Seen below is the Cybertrust Global Root certificate which expired in December 2021.
OCTET STRING [HEX DUMP]:5F43E5B1BFF8788CAC1CC7CA4A9AC6222BCC34C6 SET SEQUENCE OBJECT :1.3.6.1.4.1.311.10.11.104 SET OCTET STRING SEQUENCE OBJECT :1.3.6.1.4.1.311.10.11.126 SET OCTET STRING [HEX DUMP]:0080C82B6886D701 SEQUENCE OBJECT :1.3.6.1.4.1.311.10.11.127 SET OCTET STRING [HEX DUMP]:300A06082B06010505070303 SEQUENCE OBJECT :1.3.6.1.4.1.311.10.11.29 SET OCTET STRING [HEX DUMP]:CBB63E347AD7916D1400F32B391E6451 SEQUENCE OBJECT :1.3.6.1.4.1.311.10.11.20 SET OCTET STRING [HEX DUMP]:B6087B0D7ACCAC204C8656325ECFAB6E852D7057 SEQUENCE OBJECT :1.3.6.1.4.1.311.10.11.98 SET OCTET STRING [HEX DUMP]:960ADF0063E96356750C2965DD0A0867DA0B9CBD6E77714AEAFB2349AB393DA3 SEQUENCE OBJECT :1.3.6.1.4.1.311.10.11.83 SET OCTET STRING [HEX DUMP]:30223020060A2B06010401B13E01640130123010060A2B0601040182373C0101030200C0 SEQUENCE OBJECT :1.3.6.1.4.1.311.10.11.11 SET OCTET STRING [HEX DUMP]:4300790062006500720074007200750073007400200047006C006F00620061006C00200052006F006F0074000000 SEQUENCE OBJECT :1.3.6.1.4.1.311.10.11.9 SET OCTET STRING [HEX DUMP]:303206082B0601050507030206082B0601050507030306082B0601050507030406082B0601050507030106082B06010505070308
So let's imagine that it's still 2021 and I've just visited a website with a server certificate with this Cybertrust certificate as its root.
Now we could just iterate through all of the certificates already installed on the system and check the signature, but that'd be very expensive. Instead, TLS clients (not just Windows), prefer to first try and find the best matching certificate before performing the expensive cryptographic operations.
There are two ways to go about this: the subject/authority key identifier and the subject/issuer name. The key identifier is a quick and easy way for certificates to say who issued them (using the issuer key identifier), and for certificates to identify their associated keys (subject key identifier). One advantage of using key identifiers is that you can cross-sign a certificate (two different certificates with the same private key). Because there are no requirements about what content the identifier actually is, this makes for very straightforward byte comparison operations.
However not all certificates will use key identifiers as it's not a mandatory field, therefor the subject and issuer name would be used as a fallback.
When Windows is building the certificate chain it will first query its local certificate store for a matching key identifier or name. If no match is found it then performs the same check in the authroot.stl catalog. Assuming a match is found there Windows will then download the full certificate, because remember that the authroot.stl catalog doesn't actually contain certificates.
DER-encoded certificates are served by Window Update based on their SHA-1 fingerprint:
http://ctldl.windowsupdate.com/msdownload/update/v3/static/trustedr/en/<SHA1 Fingerprint>.crt
Windows will then install this certificate in the Trusted Root Certification Authorities for future use, and continue on with chain validation.

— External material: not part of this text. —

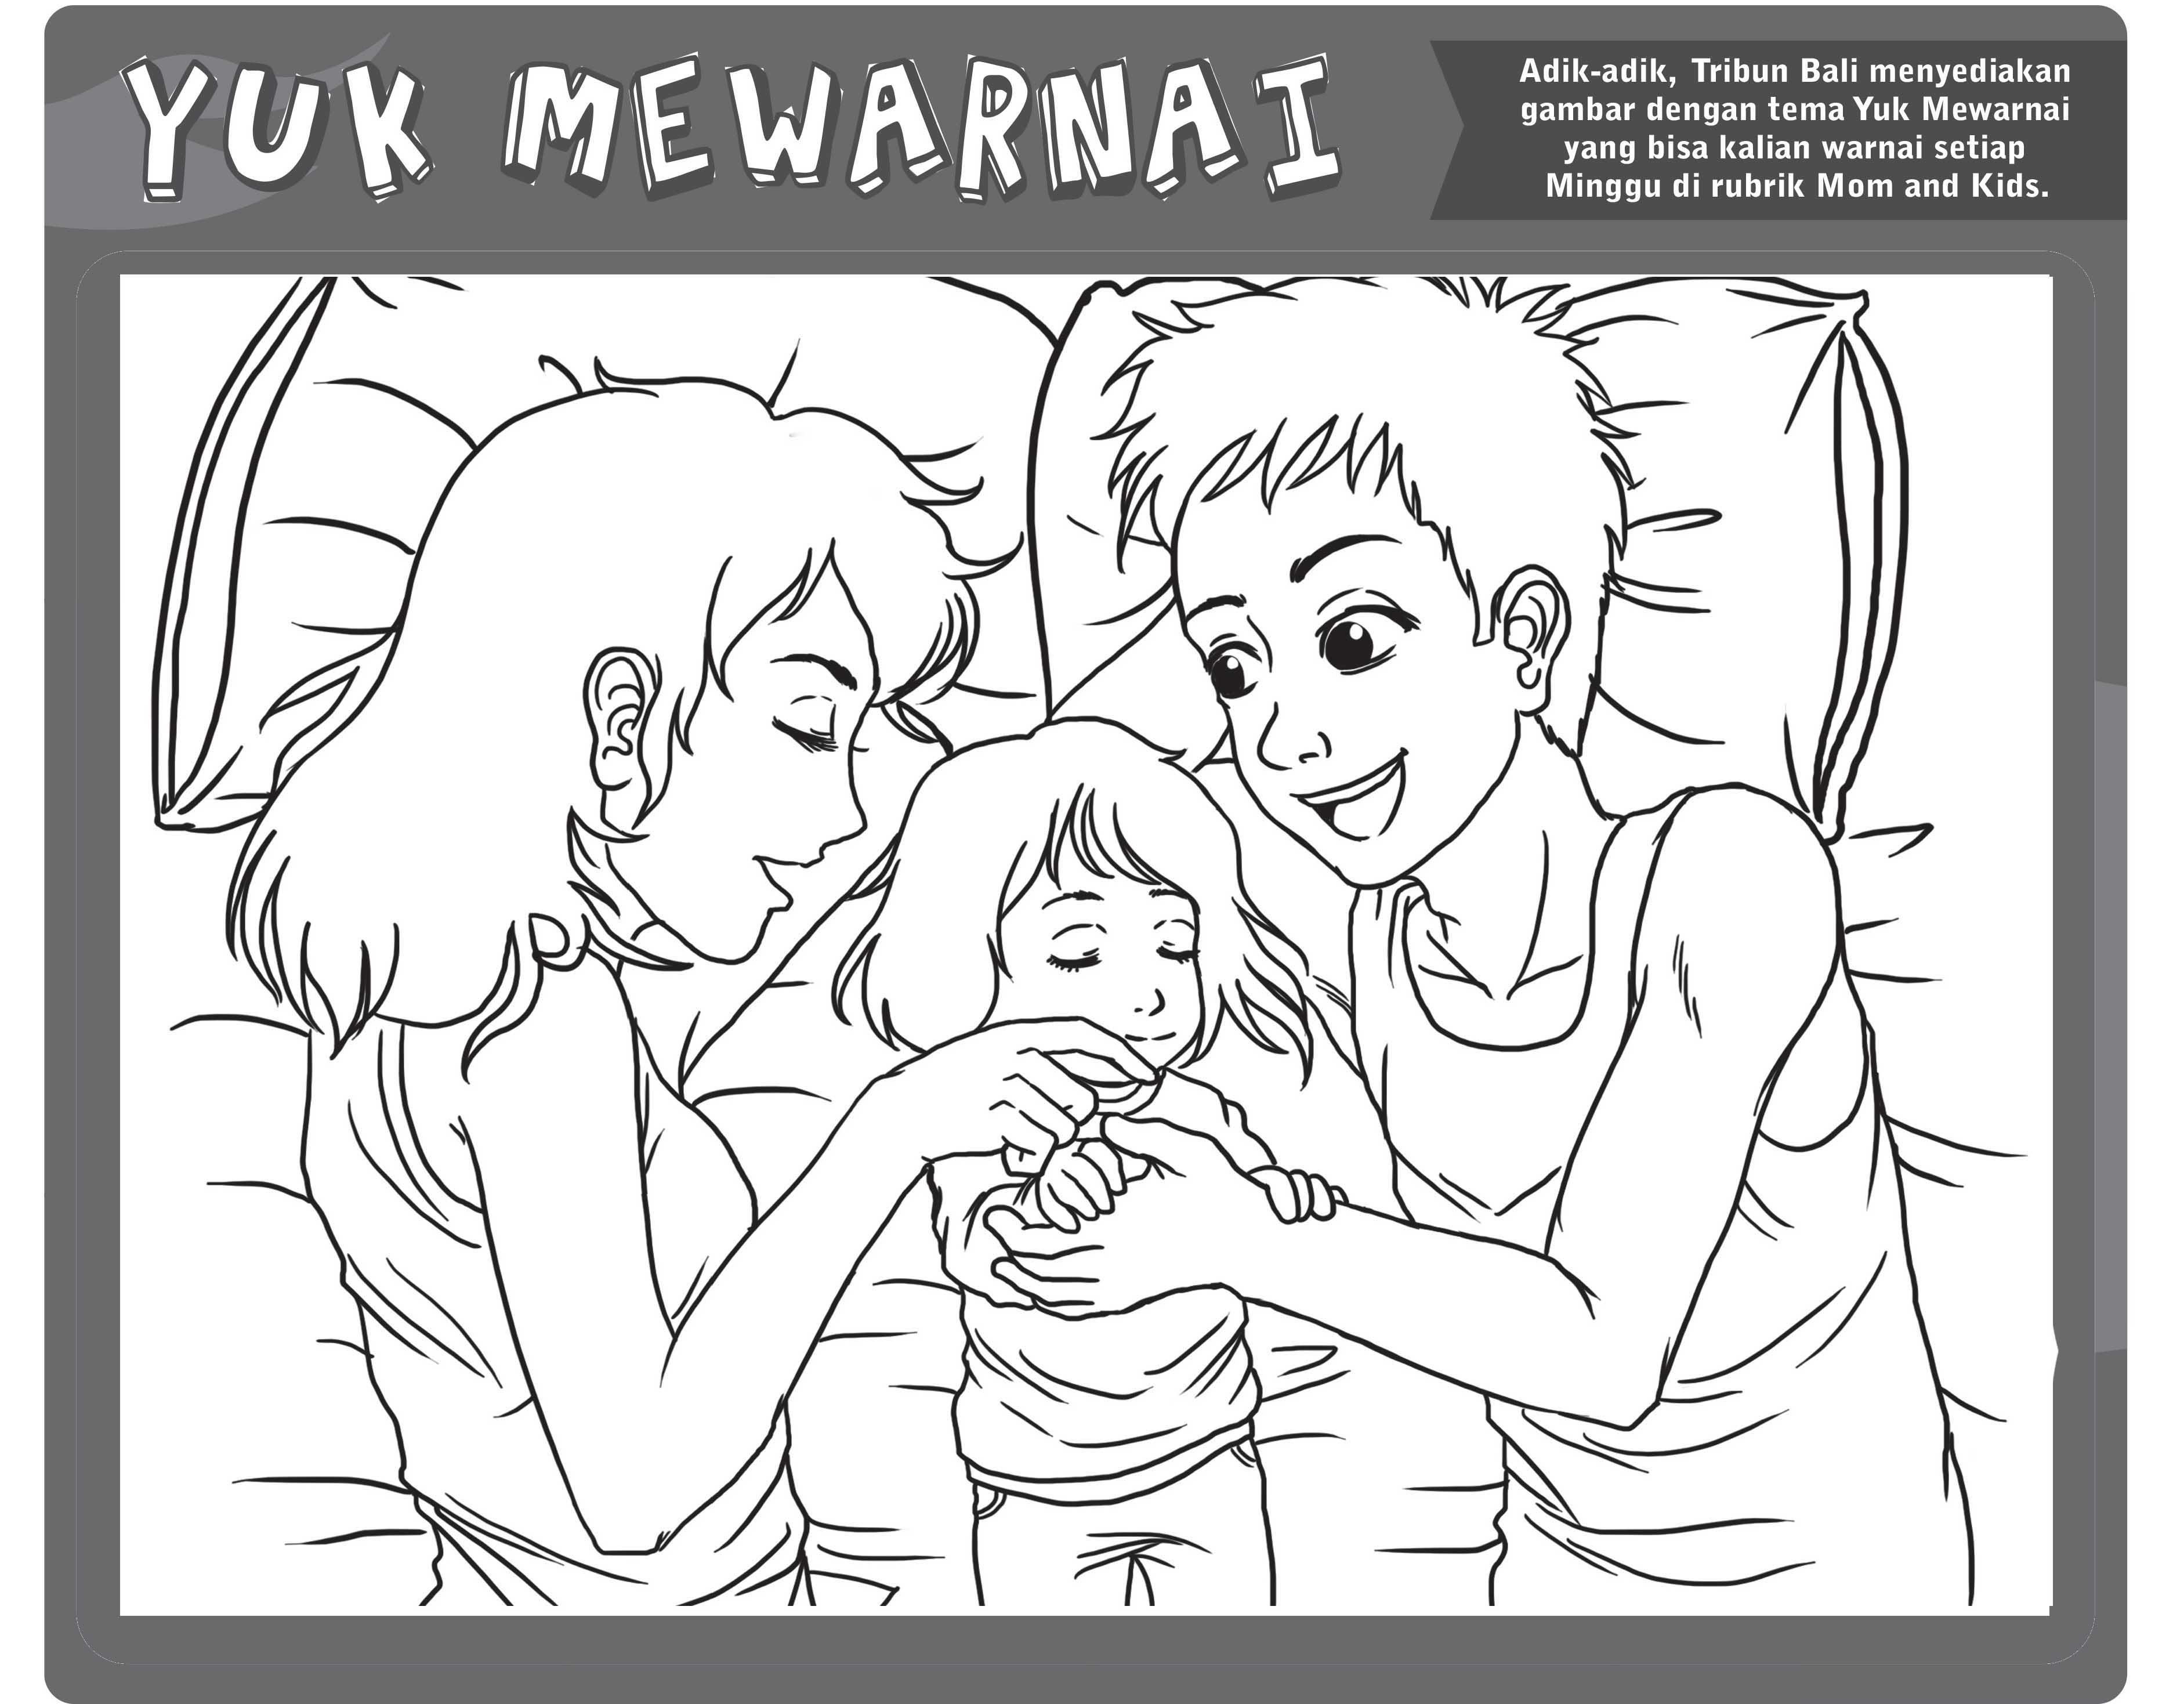 6 Sketsa Gambar Mewarnai Untuk Buah Hati Silakan Disave Tribun Bali

The next time I visited this website, the certificate would already be installed in the local store, so there's no need to query for the certificate elsewhere.
Disclaimer: while I am employed at Microsoft I do not work on the Windows team. This post is not sponsored by, endorsed by, or affiliated with Microsoft. The information contained in this post is publicly available and the behaviours described are reproducible on almost any Windows device. Please don't sue me.